Pyrazinamide-resistant Tuberculosis Obscured From Common Targeted Molecular Diagnostics.

Autor: Modlin SJ; Laboratory for Pathogenesis of Clinical Drug Resistance and Persistence, School of Public Health, San Diego State University, San Diego, CA, USA., Mansjö M; Department of Microbiology, Public Health Agency of Sweden, Solna, Sweden., Werngren J; Department of Microbiology, Public Health Agency of Sweden, Solna, Sweden., Ejike CM; Laboratory for Pathogenesis of Clinical Drug Resistance and Persistence, School of Public Health, San Diego State University, San Diego, CA, USA., Hoffner SE; Laboratory for Pathogenesis of Clinical Drug Resistance and Persistence, School of Public Health, San Diego State University, San Diego, CA, USA; Department of Global Public Health, Karolinska Institute, Stockholm, Sweden., Valafar F; Laboratory for Pathogenesis of Clinical Drug Resistance and Persistence, School of Public Health, San Diego State University, San Diego, CA, USA. Electronic address: faramarz@sdsu.edu.
Jazyk: angličtina
Zdroj: Drug resistance updates : reviews and commentaries in antimicrobial and anticancer chemotherapy [Drug Resist Updat] 2023 May; Vol. 68, pp. 100959. Date of Electronic Publication: 2023 Apr 06.

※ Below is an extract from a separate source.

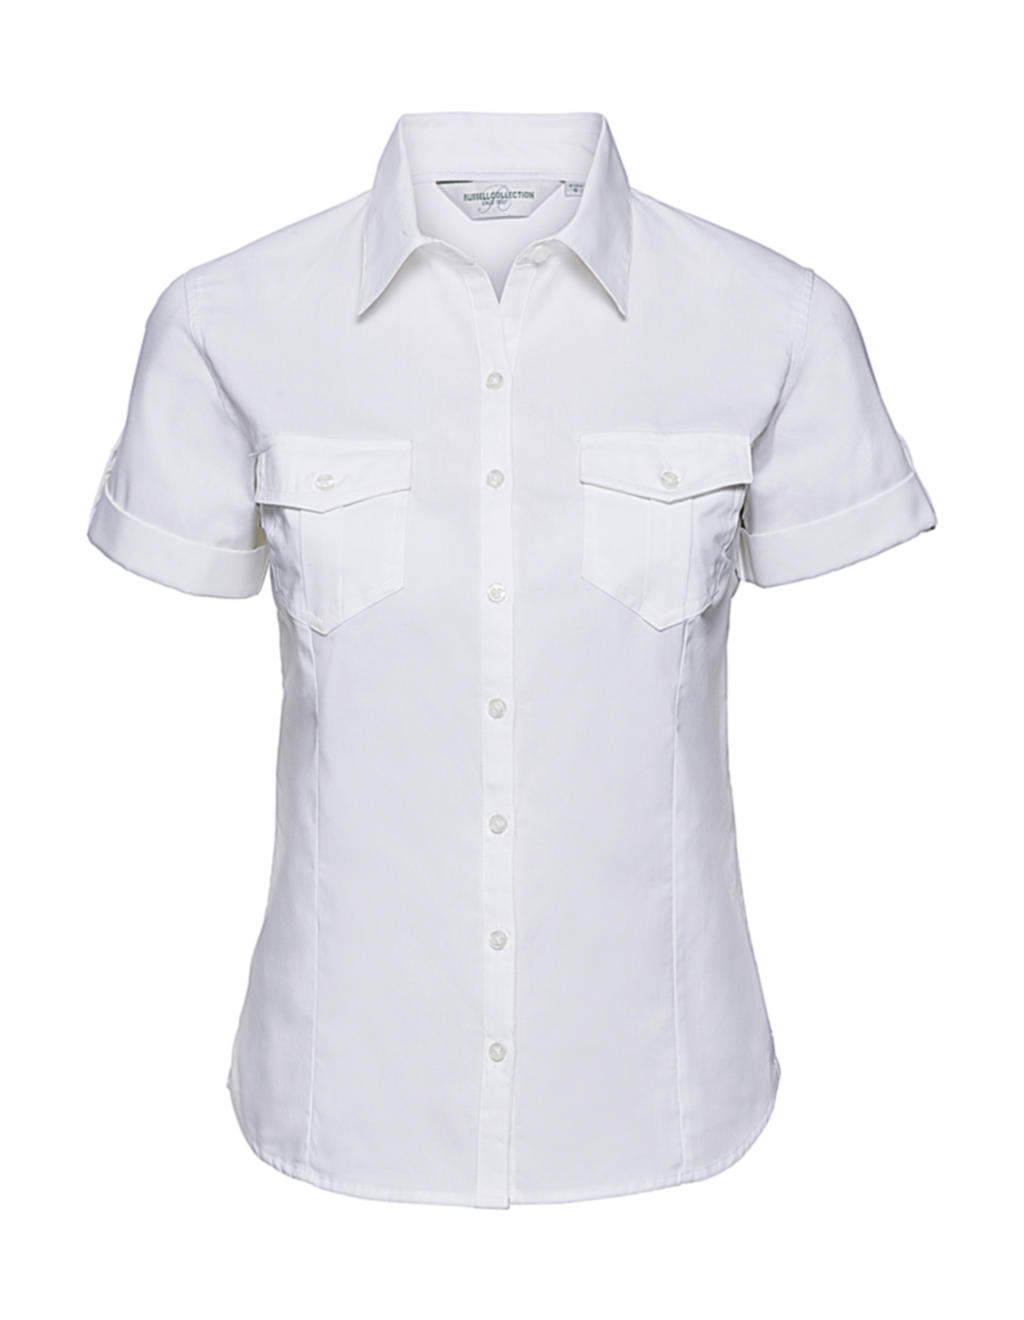  Ladies Roll Sleeve Shirt in Farbe White

DOI: 10.1016/j.drup.2023.100959
Abstrakt: Here, we describe a clinical case of pyrazinamide-resistant (PZA-R) tuberculosis (TB) reported as PZA-susceptible (PZA-S) by common molecular diagnostics. Phenotypic susceptibility testing (pDST) indicated PZA-R TB. Targeted Sanger sequencing reported wild-type PncA, indicating PZA-S TB. Whole Genome Sequencing (WGS) by PacBio and IonTorrent both detected deletion of a large portion of pncA, indicating PZA-R. Importantly, both WGS methods showed deletion of part of the primer region targeted by Sanger sequencing. Repeating Sanger sequencing from a culture in presence of PZA returned no result, revealing that 1) two minority susceptible subpopulations had vanished, 2) the PZA-R majority subpopulation harboring the pncA deletion could not be amplified by Sanger primers, and was thus obscured by amplification process. This case demonstrates how a small susceptible subpopulation can entirely obscure majority resistant populations from targeted molecular diagnostics and falsely imply homogenous susceptibility, leading to incorrect diagnosis. To our knowledge, this is the first report of a minority susceptible subpopulation masking a majority resistant population, causing targeted molecular diagnostics to call false susceptibility. The consequence of such genomic events is not limited to PZA. This phenomenon can impact molecular diagnostics' sensitivity whenever the resistance-conferring mutation is not fully within primer-targeted regions. This can be caused by structural changes of genomic context with phenotypic consequence as we report here, or by uncommon mechanisms of resistance. Such false susceptibility calls promote suboptimal treatment and spread of strains that challenge targeted molecular diagnostics. This motivates development of molecular diagnostics unreliant on primer conservation, and impels frequent WGS surveillance for variants that evade prevailing molecular diagnostics.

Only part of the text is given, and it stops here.